Taking a nonprofit from a dream to a viable entity involves weeding through the state incorporation and federal tax exemption process. Would-be founders of a nonprofit often find this a daunting marathon rather than a quick sprint. Indeed, there are many steps to be followed (with the proverbial “i” dotting and “t” crossing) and a bit of IRS grace to make this a reality. (Or, if you are hoping to form a 501(c)(4) on the wrong side of the political fence, maybe “grace” isn’t the operative word.)
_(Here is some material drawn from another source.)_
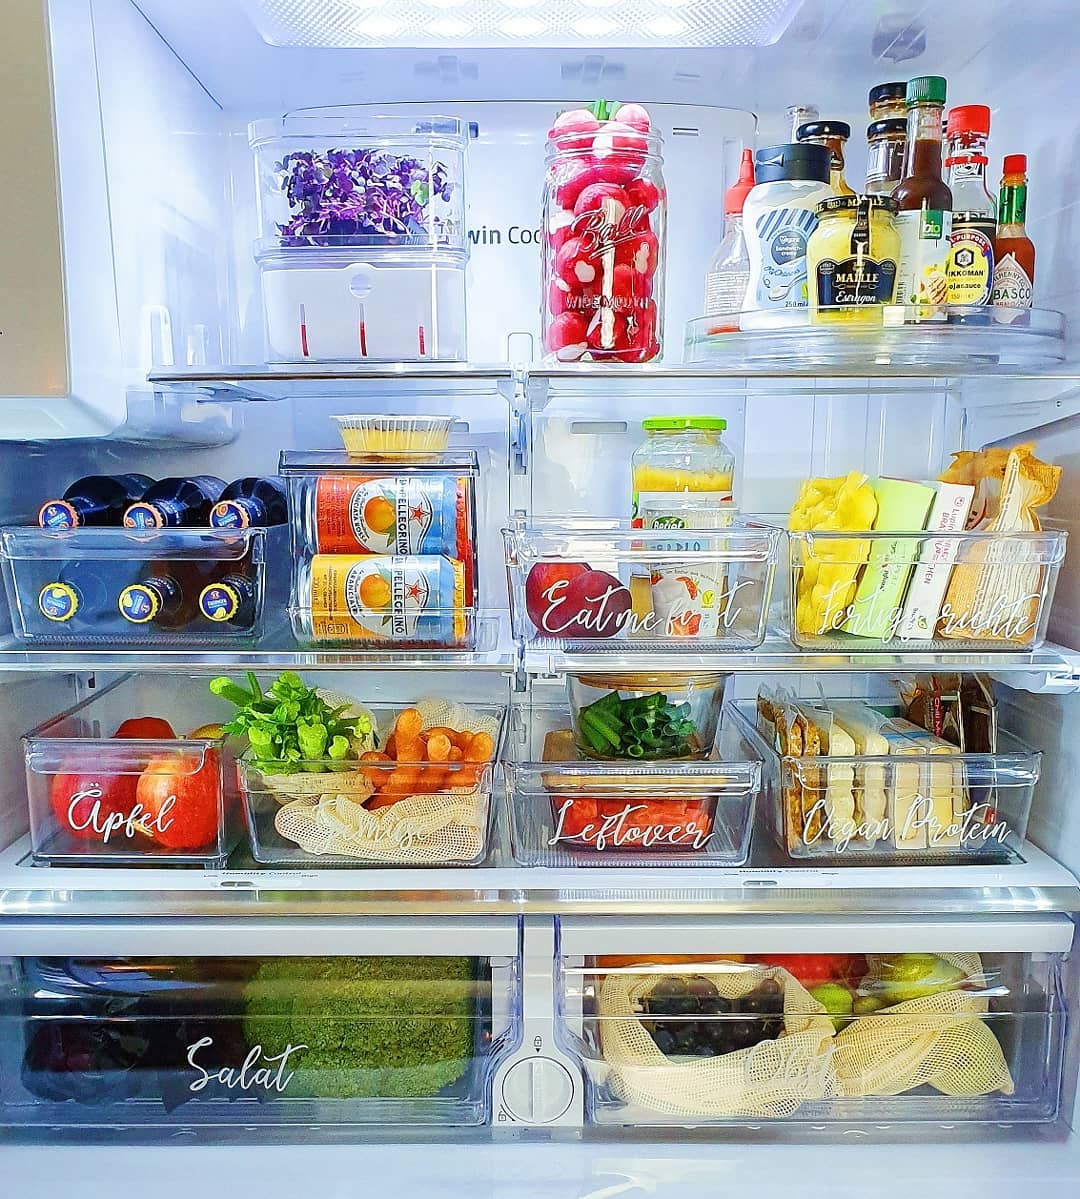 https://www.extraspace.com/blog/wp-content/uploads/2017/01/declutter-fridge-kitchen-ideas.jpg

I would like to give an overview of nonprofit incorporation and 501(c)(3) tax exemption, which is the most common way that charities are formed and become tax exempt entities. There are two main stages to the process:

1) State incorporation as a nonprofit entity. At a state level, founders of a nonprofit will create a nonprofit corporation after obtaining consent where required from government agencies. There should be helpful information the Department of State (or Secretary of State) website in your state. In New York, for example, you can visit the following website: http://www.dos.ny.gov/corps/nfpfaq.asp. A corporation is formed as a not-for-profit entity in a single step, which means among other things that it has a public purpose and is not formed for the benefit and financial interest of private individuals. Nonprofit status, however, does not equate to tax exempt status. That is the second step.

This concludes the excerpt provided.